Zhu Qian, Liu Ruizheng, Vatas Gunjan, Clough Andrew, Xu Yanji, Nguyễn Ðắc-Trung, Mathé Ewy, Sid Eric
Division of Pre-Clinical Innovation, National Center for Advancing Translational Sciences, Rockville, USA.
Axle Informatics, Inc, Rockville, USA.
Proceedings (IEEE Int Conf Bioinformatics Biomed). 2021 Dec;2021:2614-2617. doi: 10.1109/bibm52615.2021.9669645. Epub 2022 Jan 14.
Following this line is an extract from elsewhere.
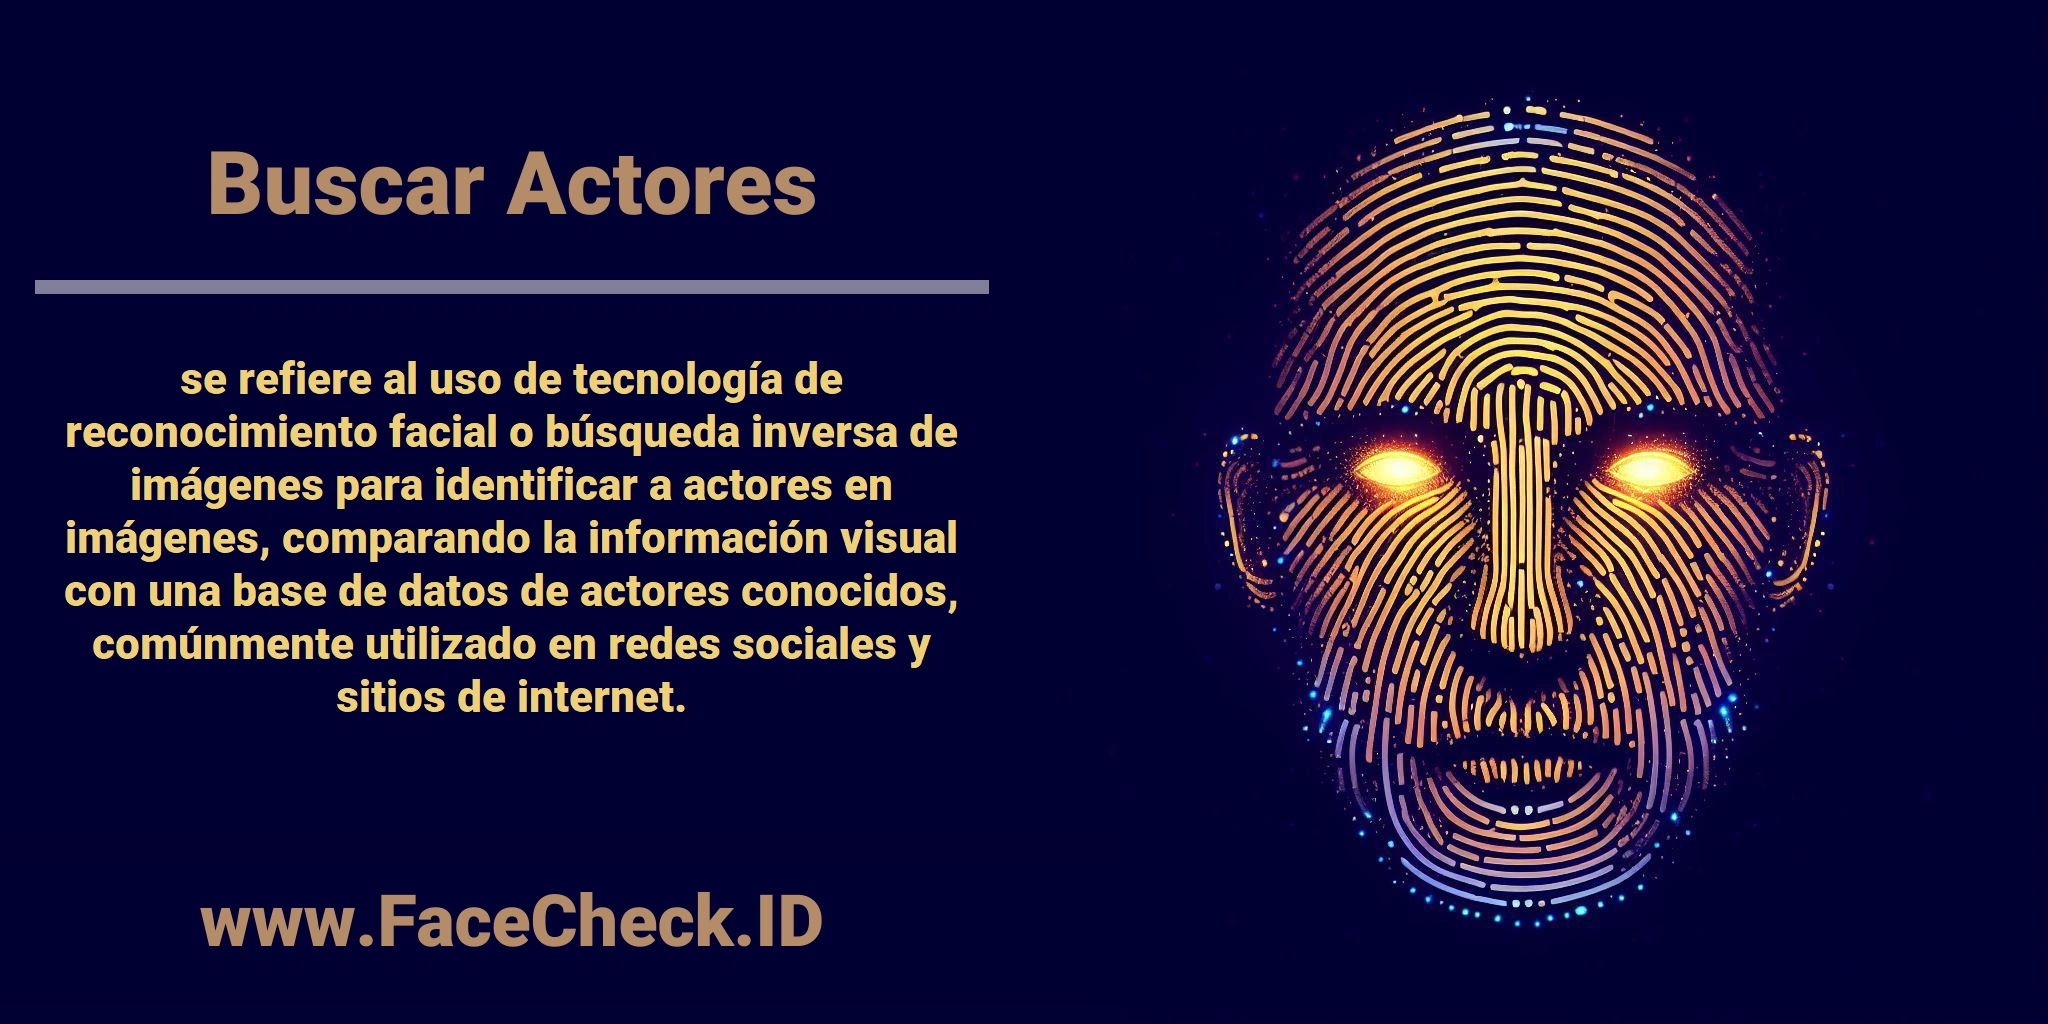 <b>Buscar Actores</b> se refiere al uso de tecnología de reconocimiento facial o búsqueda inversa de imágenes para identificar a actores en imágenes, comparando la información visual con una base de datos de actores conocidos, comúnmente utilizado en redes sociales y sitios de internet.

Rare diseases are naturally associated with low prevalence rate, which raises a big challenge due to less data available for supporting preclinical and clinical studies. Therefore, it is critical to fully utilize the accumulated scientific publications in rare diseases over years, in order to access full spectrum of scientific research and enable relevant scientific evidence extraction and generation. In this study, we obtained rare disease related PubMed articles, extracted multiple types of biomedical information, and semantically presented the data in a knowledge graph, which is hosted in Neo4j based on a predefined data model to support further rare disease research.
罕见病自然与低患病率相关,由于可用于支持临床前和临床研究的数据较少,这带来了巨大挑战。因此,充分利用多年来积累的关于罕见病的科学出版物至关重要,以便获取全面的科学研究并实现相关科学证据的提取和生成。在本研究中,我们获取了与罕见病相关的PubMed文章,提取了多种类型的生物医学信息,并在知识图谱中以语义方式呈现数据,该知识图谱基于预定义的数据模型托管在Neo4j中,以支持进一步的罕见病研究。